我刚刚从互联网上了解了战略模式的真正含义。但是我想知道它如何改善我的代码。例如,我在Internet上这样找到以下代码。这是名为Animal的超类:
abstract public class Animal {
private String name;
private int weight;
private String sound;
public void setName(String name){
this.name = name;
}
public String getName(){
return name;
}
public void setWeight(int weight){
if(weight > 0){
this.weight = weight;
}else {
System.out.println("Weight must be bigger than 0");
}
}
public int getWeight(){
return weight;
}
public void setSound(String sound){
this.sound = sound;
}
public String getSound(){
return sound;
}
public void specialMethod(){
System.out.println("Ok");
}
}
这是名为Dog的子类:
public class Dog extends Animal {
public void digHole(){
System.out.println("Dig a hole");
}
public Dog(){
super();
setSound("bark");
}
public void testSuper(Animal obj){
System.out.println(obj.getName());
}
}
在教程中,它说是否要增加飞行能力,以便我可以检查狗是否可以飞行。

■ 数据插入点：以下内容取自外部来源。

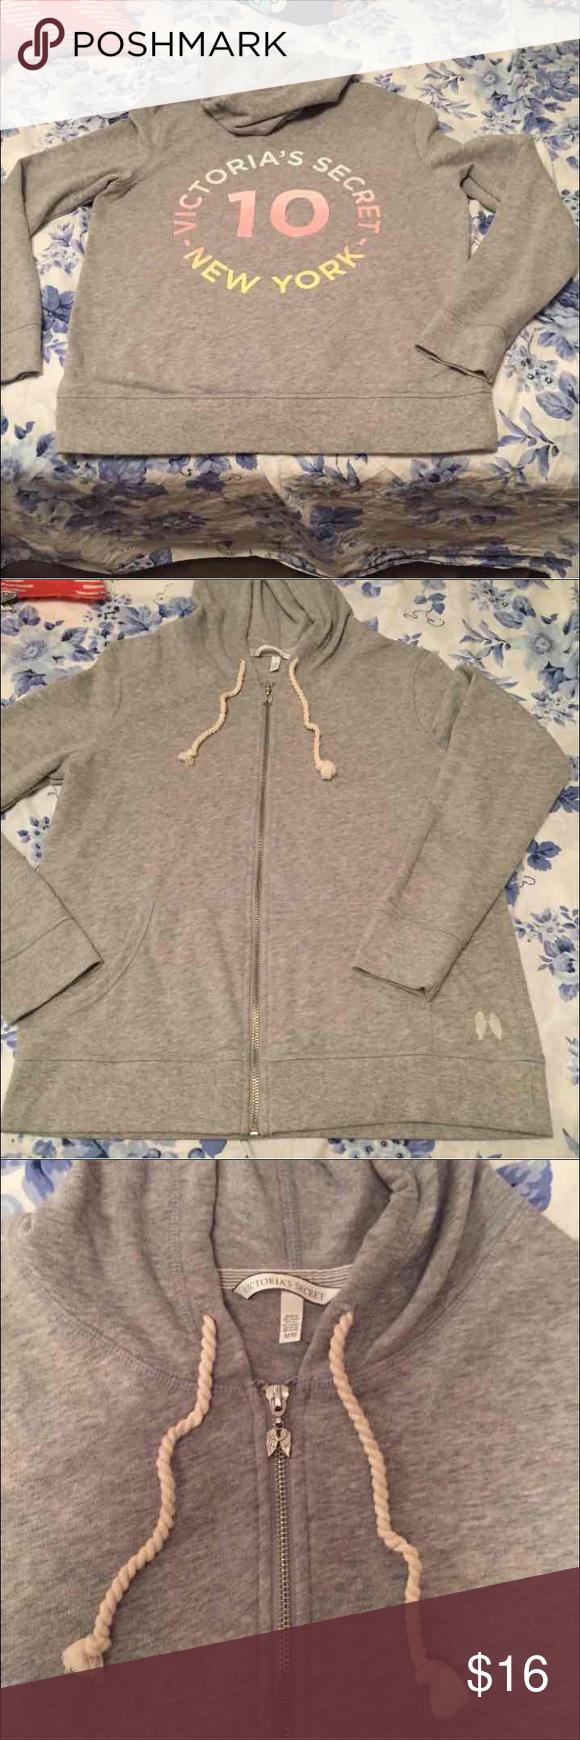 Victoria's Secret 10 hoodie! Size medium!  No flaws has cute wings zipper!  The hoodie has wings near the pocket on front of hoodie! Victoria's Secret Jackets & Coats

如下面的代码所示,像这样直接添加代码是不好的。
具有超强飞行能力方法的超一流动物
abstract public class Animal {
private String name;
private int weight;
private String sound;
// Add fly method to the superclass which is a bad idea
public String fly(){
return " I am flying ";
}
public void setName(String name){
this.name = name;
}
public String getName(){
return name;
}
public void setWeight(int weight){
if(weight > 0){
this.weight = weight;
}else {
System.out.println("Weight must be bigger than 0");
}
}
public int getWeight(){
return weight;
}
public void setSound(String sound){
this.sound = sound;
}
public String getSound(){
return sound;
}
public void specialMethod(){
System.out.println("Ok");
}
}
使用策略模式,我们可以使用fly方法创建名为Flys的接口,允许任何子类实现该方法,因此,如本教程所示,我创建了名为Flys的接口,其中有两个实现该接口的子类:
public interface Flys {
String fly();
}
class ItFlys implements Flys{
public String fly(){
return "Flying high";
}
}
class CantFly implements Flys{
public String fly(){
return "I can't fly";
}
}
建立介面后,就可以重构Animal类,
abstract public class Animal {
private String name;
private int weight;
private String sound;
Flys flyingType; // Add an object of the interface to the superclass
public String tryToFly(){ // add a new method tryToFly
return flyingType.fly();
}
// Adding another method named setFlyingAbility
public void setFlyingAbility(Flys newFlyType){
flyingType = newFlyType;
}
public void setName(String name){
this.name = name;
}
public String getName(){
return name;
}
public void setWeight(int weight){
if(weight > 0){
this.weight = weight;
}else {
System.out.println("Weight must be bigger than 0");
}
}
public int getWeight(){
return weight;
}
public void setSound(String sound){
this.sound = sound;
}
public String getSound(){
return sound;
}
public void specialMethod(){
System.out.println("Ok");
}
}
现在,在我的Dog子类中,我只需添加另一个代码
public class Dog extends Animal {
public Dog(){
super();
setSound("bark");
flyingType = new CantFly(); // I set flyingType object
}
public void digHole(){
System.out.println("Dig a hole");
}
public void testSuper(Animal obj){
System.out.println(obj.getName());
}
}
在最后一堂课,我可以执行所有代码,并检查我的Dog课是否可以飞行。
public class AnimalPlay {
public static void main(String args[]){
Animal sparky = new Dog();
Animal tweety = new Bird();
System.out.println("Dog " + sparky.tryToFly()); // the result is I can't fly
System.out.println("Bird " + tweety.tryToFly()); // the result is I am flying
sparky.setFlyingAbility(new ItFlys());
System.out.println("Dog " + sparky.tryToFly()); // the result is I am flying
}
}
我的问题是,如果仍然以传统方式添加fly()方法,它会得到相同的结果吗?
在超类中添加fly()方法,以便可以在Dog类中覆盖fly()方法,但这不是一个好主意。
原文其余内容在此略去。